Jang Bum-Sup, Chun Seok-Joo, Choi Hyeon Seok, Chang Ji Hyun, Shin Kyung Hwan
Department of Radiation Oncology, Seoul National University Hospital, Seoul, South Korea; Department of Radiation Oncology, Seoul National University College of Medicine, Seoul, South Korea.
Department of Radiation Oncology, Seoul National University Hospital, Seoul, South Korea.
Comput Methods Programs Biomed. 2024 Mar;245:108049. doi: 10.1016/j.cmpb.2024.108049. Epub 2024 Jan 24.
We aimed to evaluate the risk and benefit of (y)pN1 breast cancer patients in a Bayesian network model.
We developed a Bayesian network (BN) model comprising three parts: pretreatment, intervention, and risk/benefit. The pretreatment part consisted of clinical information from a tertiary medical center. The intervention part regarded the field of radiotherapy. The risk/benefit component encompasses radiotherapy (RT)-related side effects and effectiveness, including factors such as recurrence, cardiac toxicity, lymphedema, and radiation pneumonitis. These factors were evaluated in terms of disability weights and probabilities from a nationwide expert survey. The overall disease burden (ODB) was calculated as the sum of the probability multiplied by the disability weight. A higher value of ODB indicates a greater disease burden for the patient.
Among the 58 participants, a BN model utilizing discretization and clustering techniques revealed five distinct clusters. Overall, factors associated with breast reconstruction and RT exhibited high discrepancies (24-34 %), while RT-related side effects demonstrated low discrepancies (3-11 %) among the experts. When incorporating recurrence and RT-related side effects, the mean ODB of (y)pN1 patients was 0.258 (range, 0.244-0.337), with a higher tendency observed in triple-negative breast cancer (TNBC) or mastectomy cases. The ODB for TNBC patients undergoing mastectomy without postmastectomy radiotherapy was 0.327, whereas for non-TNBC patients undergoing breast conserving surgery with RT, the disease burden was 0.251. There was an increasing trend in ODB as the field of RT increased.

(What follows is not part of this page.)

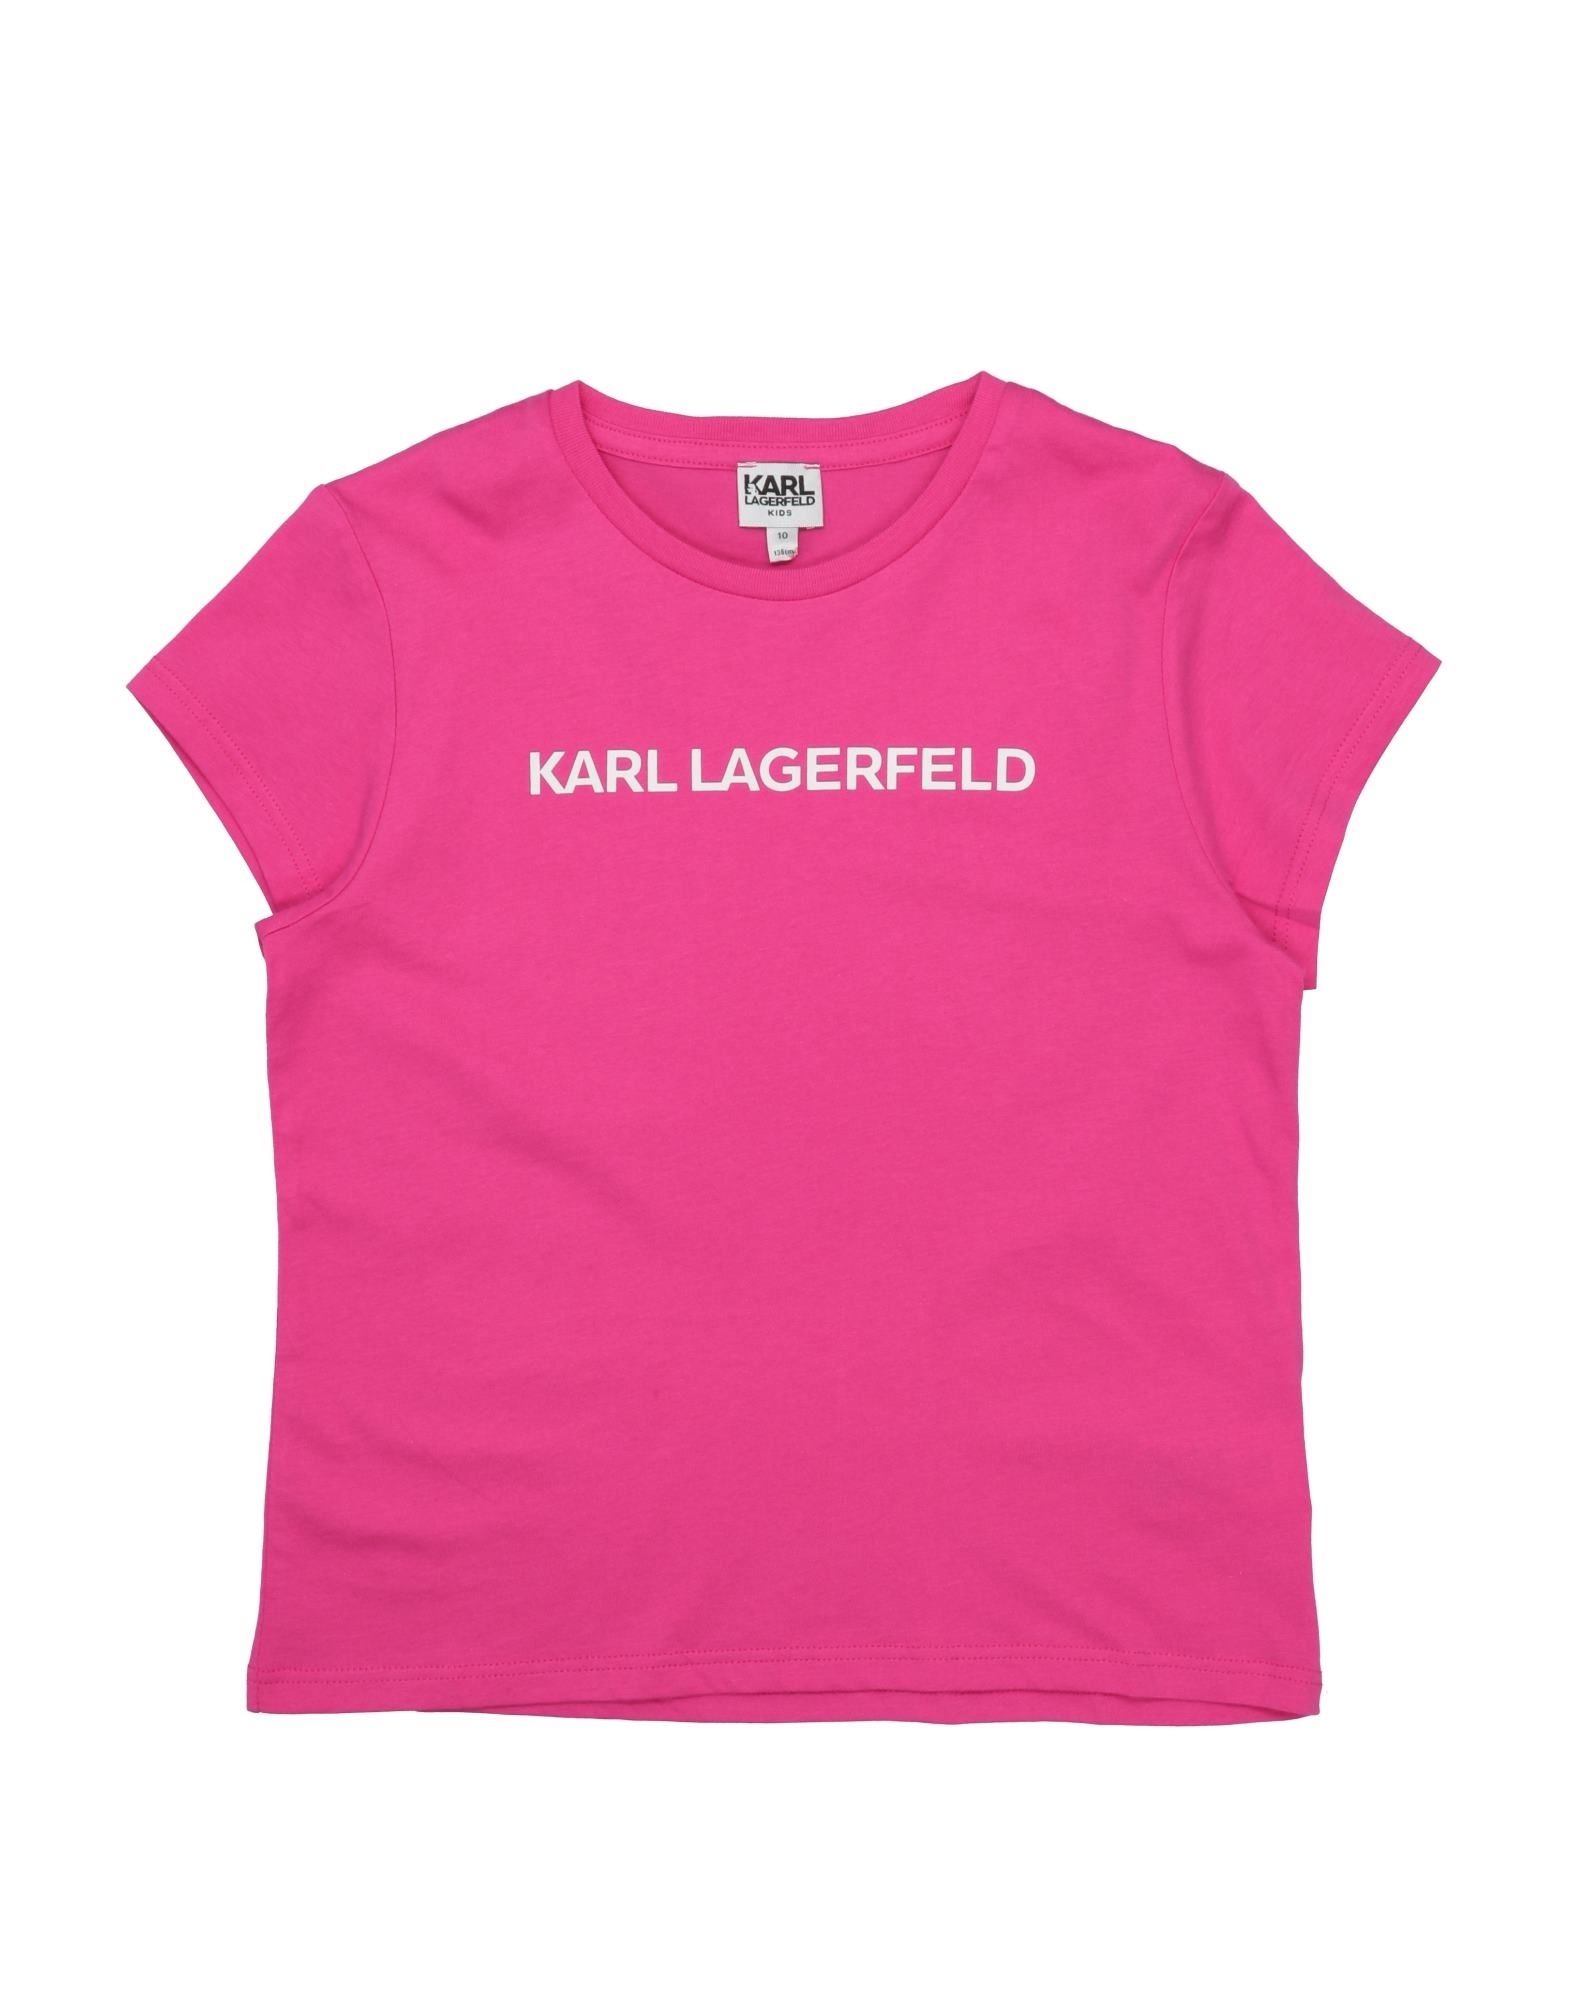 KARL LAGERFELD T-SHIRTS,12454397NU 2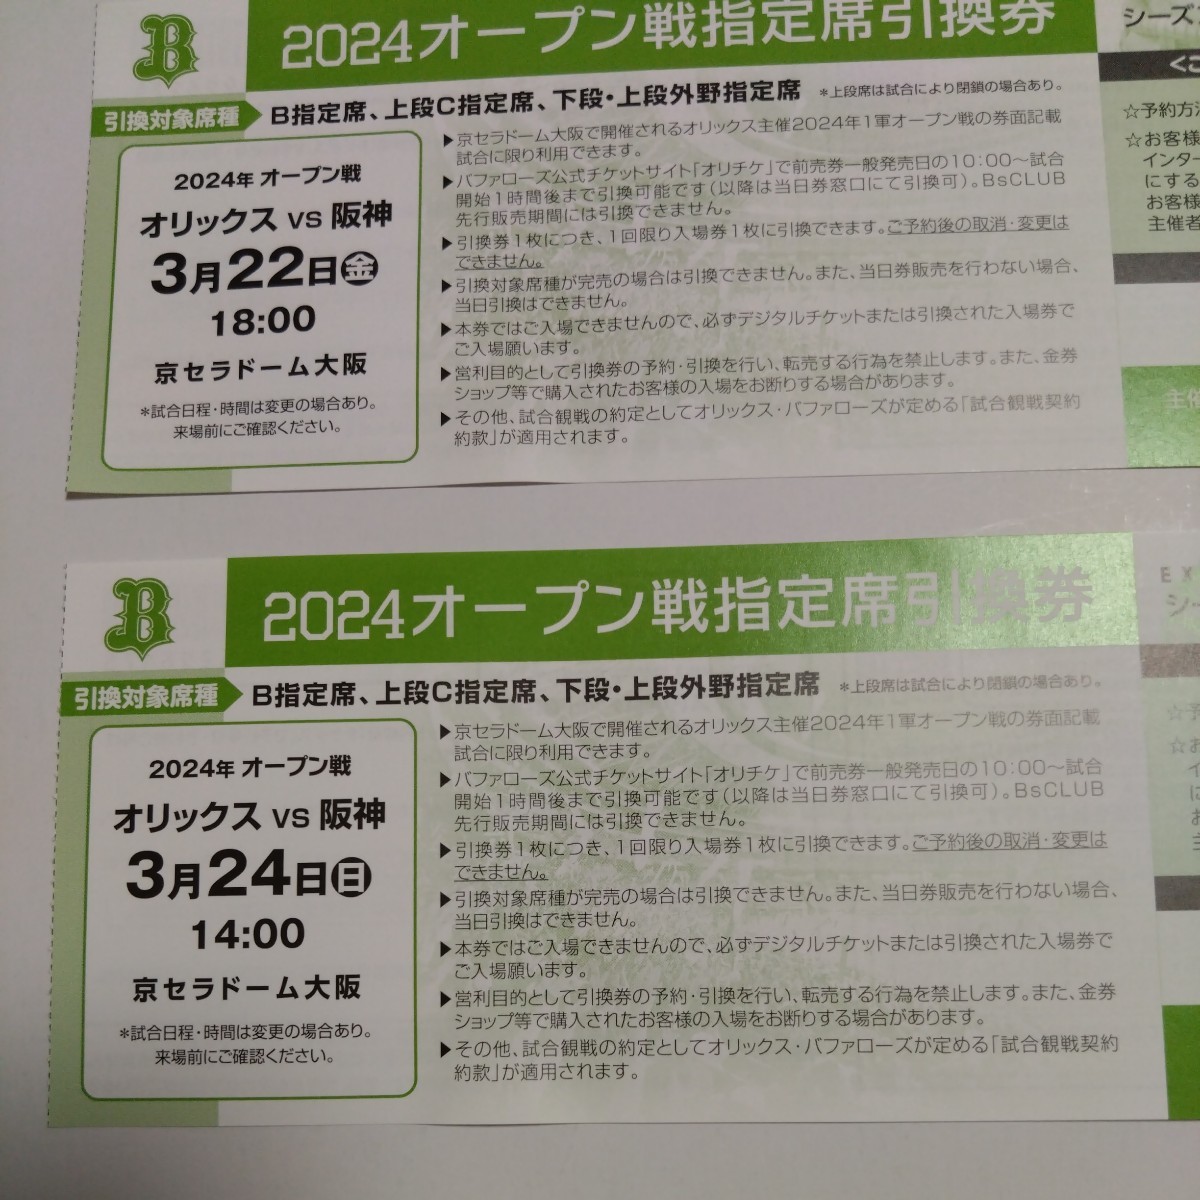 オリックスvs阪神 3月22日,24日オープン戦 指定席引換券2枚_画像1

We developed a Bayesian network model based on an expert survey, which helps to understand treatment patterns and enables precise estimations of RT-related risk and benefit in (y)pN1 patients.
我们旨在通过贝叶斯网络模型评估(y)pN1期乳腺癌患者的风险和获益。
我们开发了一个包含三个部分的贝叶斯网络(BN)模型:预处理、干预以及风险/获益。预处理部分包含来自一家三级医疗中心的临床信息。干预部分涉及放射治疗领域。风险/获益部分涵盖放疗(RT)相关的副作用和疗效,包括复发、心脏毒性、淋巴水肿和放射性肺炎等因素。这些因素通过全国性专家调查的残疾权重和概率进行评估。总体疾病负担(ODB)通过概率乘以残疾权重的总和来计算。ODB值越高表明患者的疾病负担越大。
在58名参与者中,一个利用离散化和聚类技术的BN模型揭示了五个不同的聚类。总体而言,与乳房重建和放疗相关的因素在专家之间显示出较高的差异(24 - 34%),而放疗相关的副作用在专家之间显示出较低的差异(3 - 11%)。当纳入复发和放疗相关的副作用时,(y)pN1患者的平均ODB为0.258(范围为0.244 - 0.337),在三阴性乳腺癌(TNBC)或乳房切除术病例中观察到更高的趋势。未进行乳房切除术后放疗的TNBC患者接受乳房切除术的ODB为0.327,而接受保乳手术加放疗的非TNBC患者的疾病负担为0.251。随着放疗范围的增加,ODB呈上升趋势。
我们基于专家调查开发了一个贝叶斯网络模型,该模型有助于理解治疗模式,并能够精确估计(y)pN1患者放疗相关的风险和获益。